Mise au point sur le « droit à la ville »

Harvey commence par rappeler l’origine du « droit à la ville ». Ce concept défini au départ par le marxiste Henri Lefebvre[2] est aujourd’hui particulièrement galvaudé et mis à toutes les sauces par les urbanistes. Harvey vient donc avec bonheur rappeler que le « droit à la ville » désigne le droit des prolétaires à accéder aux aménités de la ville, dans un contexte à l’échelle mondiale d’urbanisation exponentielle. Ce n’est certainement pas le droit des promoteurs à faire des profits ou la gentrification des quartiers populaires[3]. La fragmentation de la ville, la fameuse « ghettoïsation » cher à Manuel Valls, est avant tout le fait des classes bourgeoises (par la création de quartiers sécurisés et clos ou par le refus de la construction de logements sociaux dans les quartiers huppés). Harvey précise également que le droit à la ville, tout comme les espaces hétérotopiques[4] et les pratiques alternatives, est un objet de lutte intéressant dans la mesure où il ne devient pas une fin en soi. Le droit à la ville doit rester une revendication qui s’inscrit dans l’affrontement entre le travail et le capital et dans une perspective révolutionnaire. Harvey prend ainsi soin de rappeler que la lutte contre l’exploitation est indispensable puisque le travail est à la base de la production de valeur, que le moteur de l’histoire reste « la lutte des classes » et que le capitalisme ne s’écroulera pas tout seul de lui-même (« l’exploitation du travail vivant dans la production reste bien un concept central pour n’importe quel mouvement anticapitaliste » ). Dans cet esprit, il critique les mesures gestionnaires sensées répondre aux crises urbaines telles que l’accession à la propriété (qui permet du point de vue matériel de privatiser le foncier et du point de vue idéologique d’accélérer le délitement du collectif) ou le micro-crédit, véritable cheval de Troie qui permet de distiller des rapports marchands et financiers entre les populations les plus démunies.
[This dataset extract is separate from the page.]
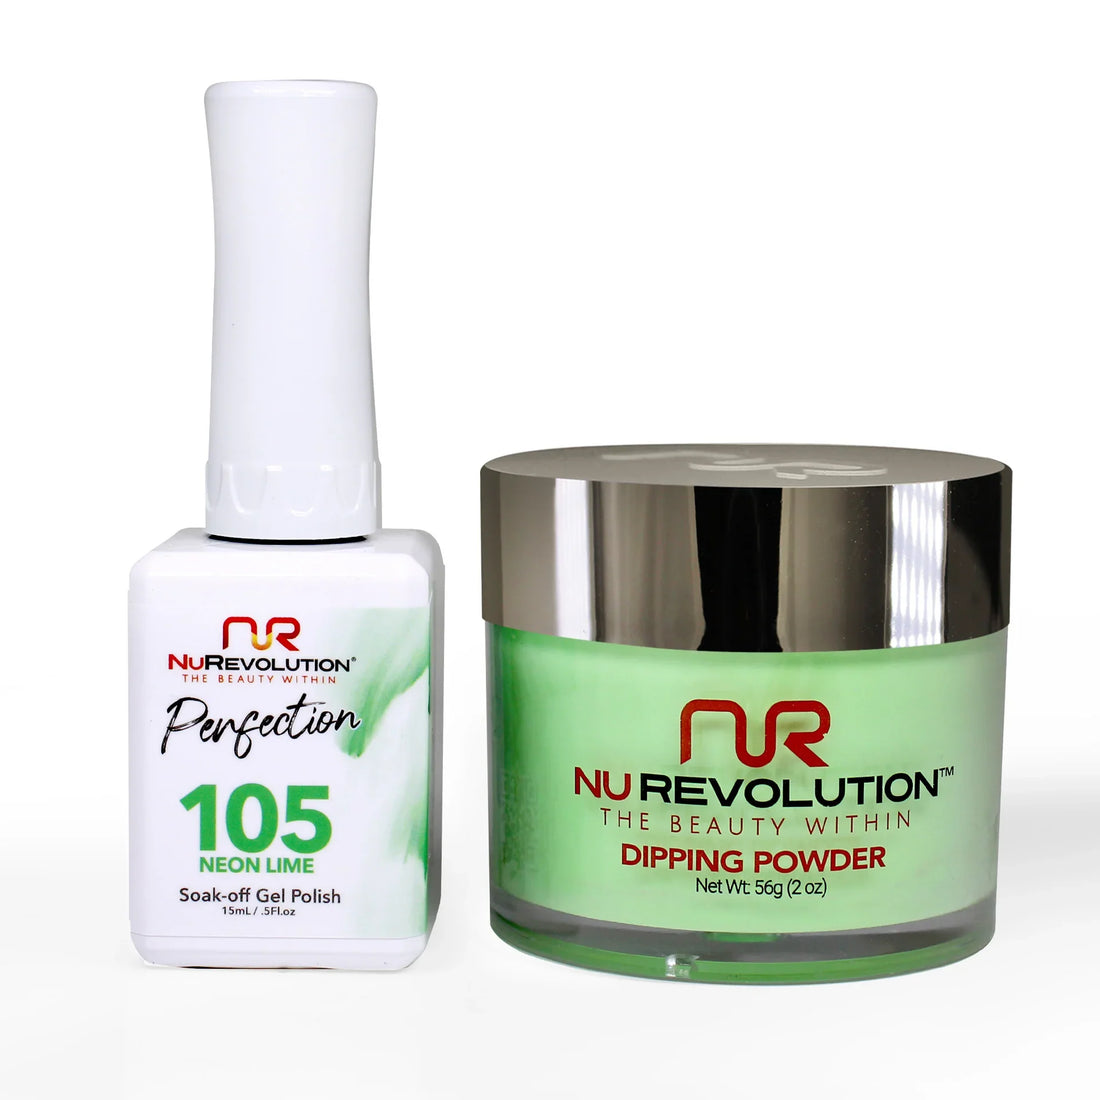 NuRevolution Perfection 105 Neon Lime

Nous pouvons toutefois regretter que l’auteur n’établisse pas clairement la distinction entre « révolution urbaine » et « révolution socialiste ». L’afflux de prolétaires dans les centres urbains ne conduit pas automatiquement à des mouvements révolutionnaires… Et si les luttes pour le droit à la ville seront sans doute un des leviers indispensables à une future révolution socialiste, il n’empêche que la transformation de la société vers le communisme passera aussi par des luttes en milieu rural, voire par un effacement de la distinction entre rural et urbain. Le livre fait d’ailleurs l’impasse sur les nombreux combats récents qui se déroulés en milieu rural (contre des grands aménagements, des expropriations, pour les droits des paysans ou la défense de services publics de proximité etc.). Ceci est d’autant plus dommage que de nombreux ouvriers et ouvrières vivent et travaillent à la campagne, dans des petites villes industrielles ou dans des territoires péri-urbains.
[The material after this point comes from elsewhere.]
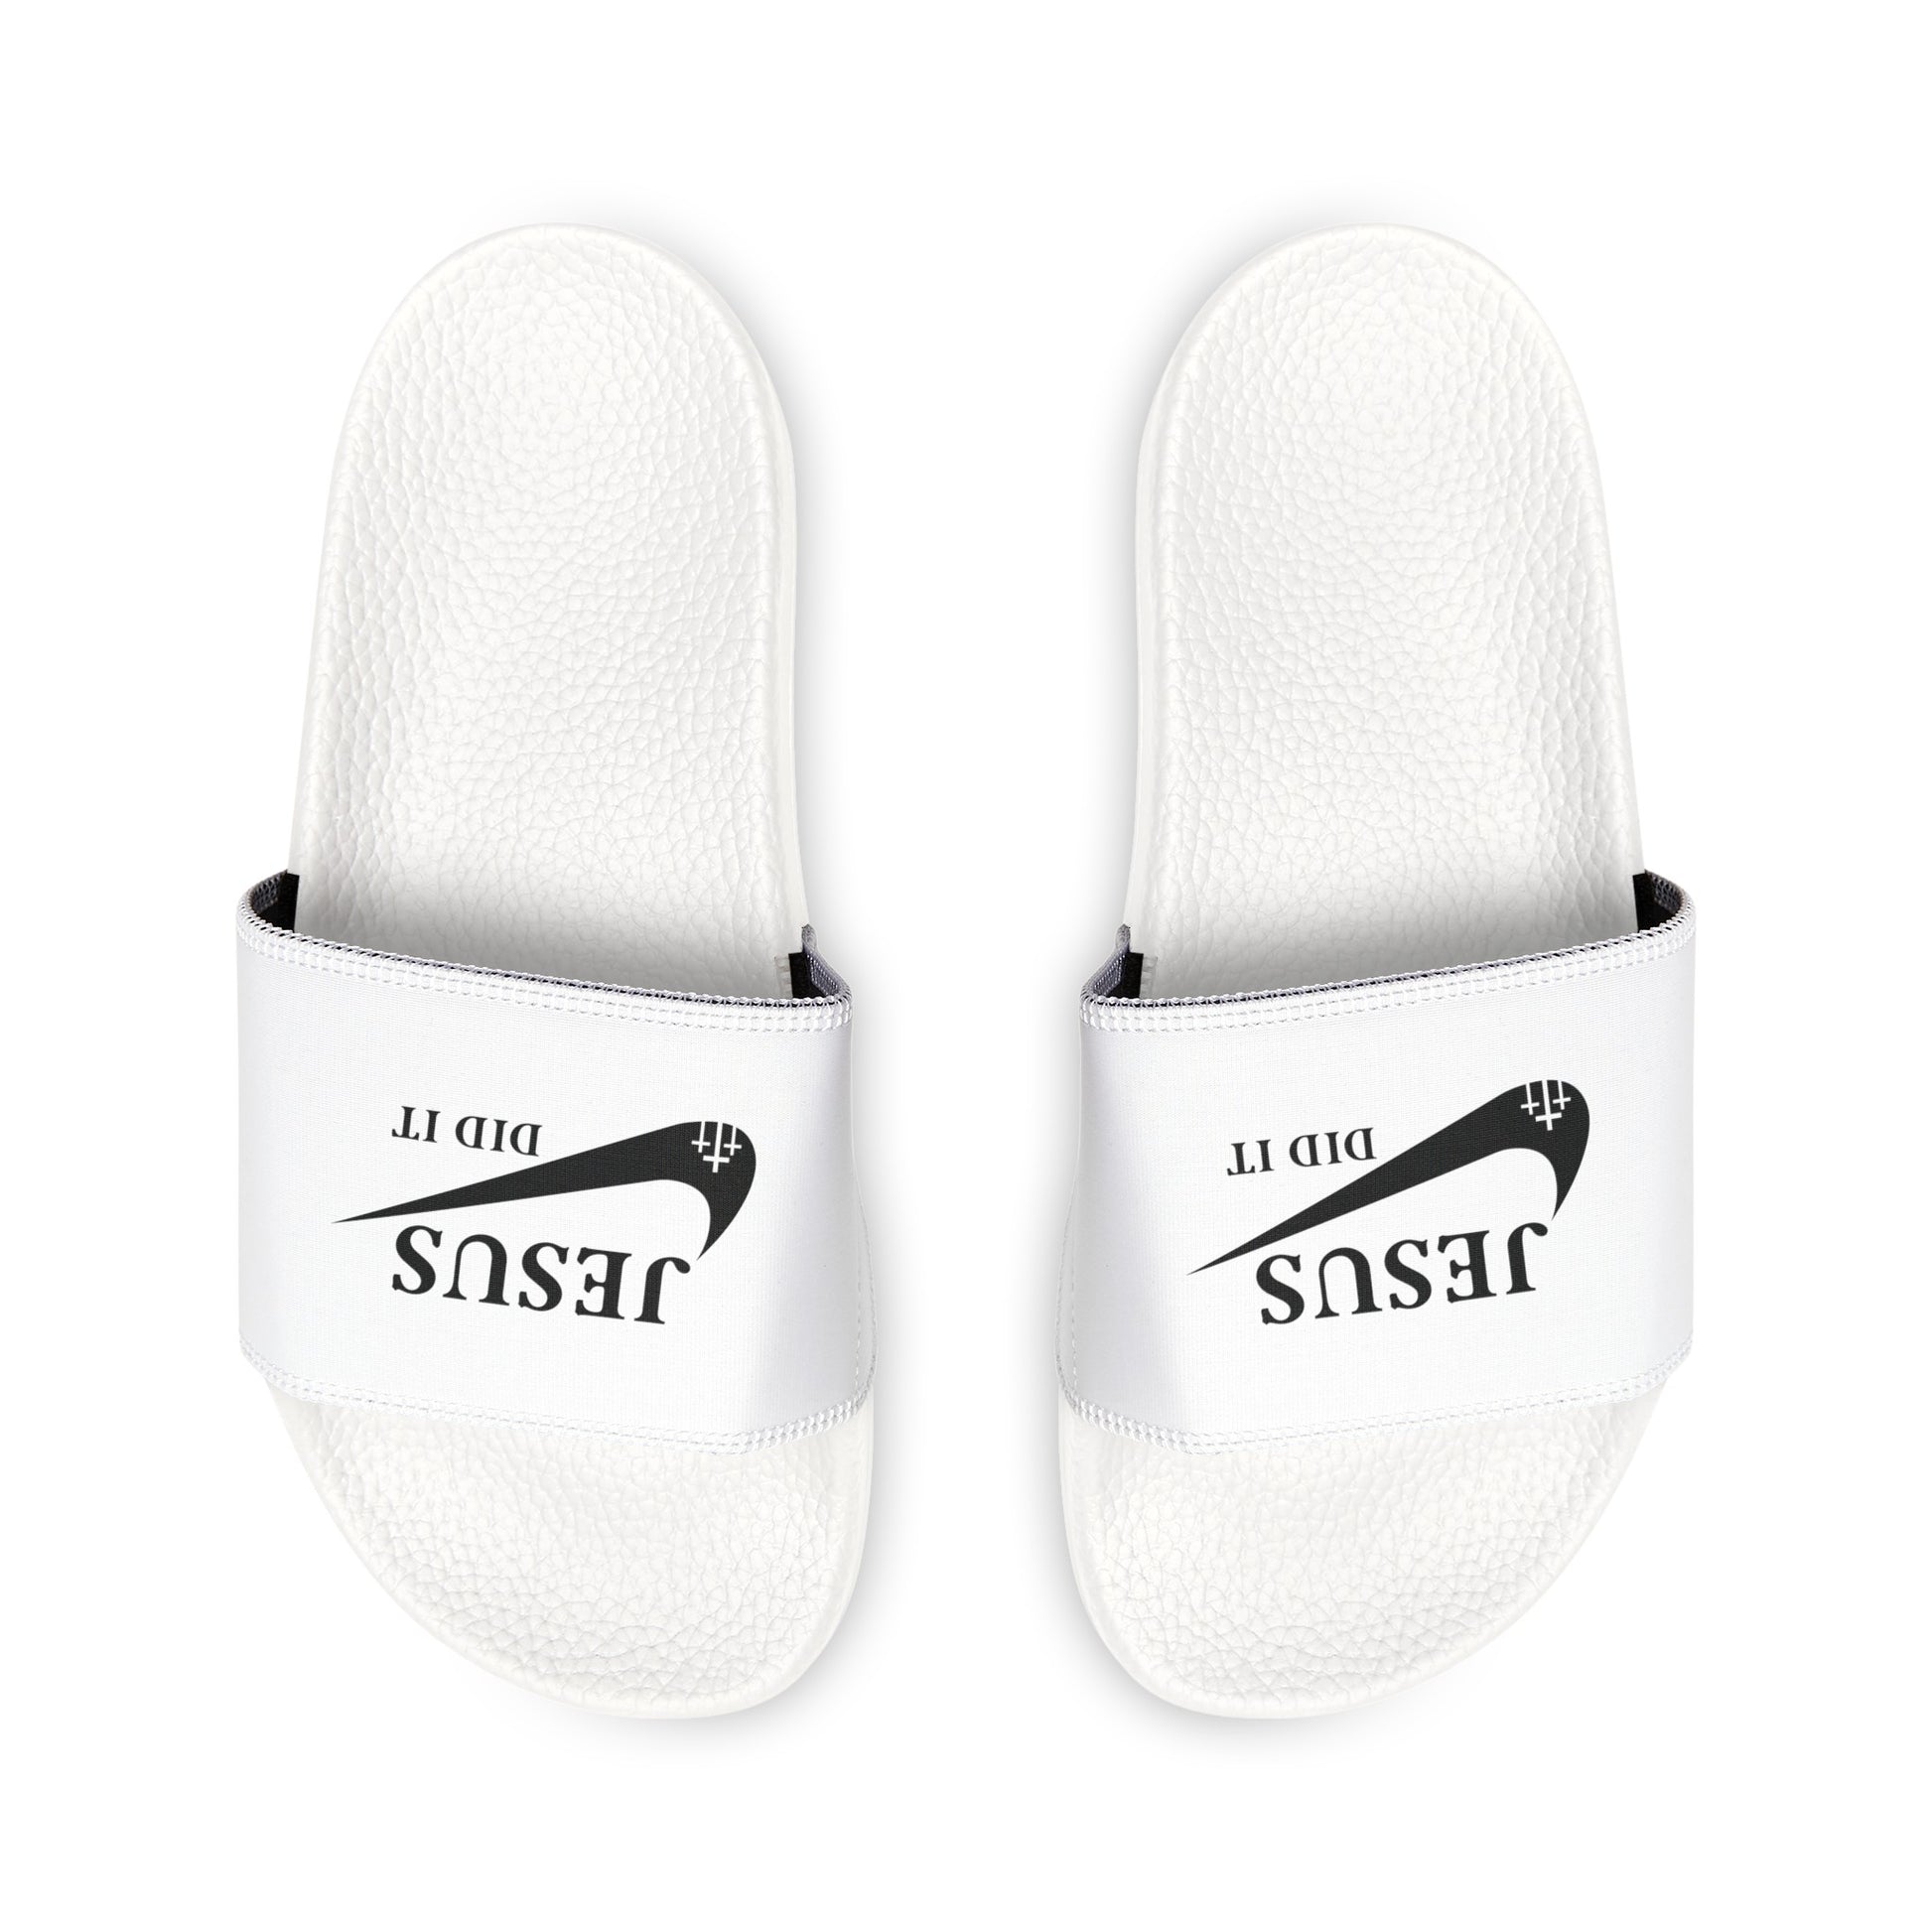 Jesus Did It (like Nike)  Men's PU Christian Slide Sandals Printify

Des formes de luttes et de résistances propres au milieu urbain

Le livre décrit les différentes formes de luttes et de résistances spécifiques aux villes, notamment les occupations de places. Ces occupations sont dans beaucoup de pays, notamment en Amérique du sud ou lors des « révolutions arabes », des lieux de rencontres primordiales dans les luttes, une arme de réappropriation de l’espace public ou encore des occasions de redécouvrir des traditions de militantisme ouvrier.  Il souligne aussi qu’il s’agit d’une manière de se battre au plus près des centres de pouvoirs. Déjà en 1871, la Commune de Paris s’était surtout déroulée dans le cœur de la capitale plutôt que dans les faubourgs ou les campagnes, et malheureusement les communards n’ont pas saisi cette opportunité pour attaquer directement le pouvoir (en l’occurrence Versailles) au moment propice. Harvey place de grands espoirs à ce titre dans l’industrialisation des centres urbains de la Chine qui sont potentiellement des foyers révolutionnaires en devenir. La hausse impressionnante de l’urbanisation[5] dans ce pays a profité à la classe possédante tout en entraînant des masses gigantesques de prolétaires dans les marges des villes susceptibles de menacer le pouvoir.   Le paradoxe dans les occupations de places étant que les places publiques ont bien souvent été tracées à l’origine pour faciliter la répression dans le cadre des grands aménagements haussmaniens. Ceci dit, l’auteur oublie au passage que dans beaucoup de pays les occupations de places sont des mouvements majoritairement dominés par la classe moyenne intellectuelle et précarisée comme ce pu être le cas en Espagne, en France ou en Grèce. Surtout, il manque dans le livre une étude précise de ce segment de la classe prolétarienne qu’Harvey appelle « précariat urbain ». Ce mot-valise peut en effet recouvrir aussi bien des intérimaires travaillant dans le nettoyage que des professionnels de la communication. Il aurait été intéressant de procéder à un découpage plus fin de la composition de la classe prolétaire citadine.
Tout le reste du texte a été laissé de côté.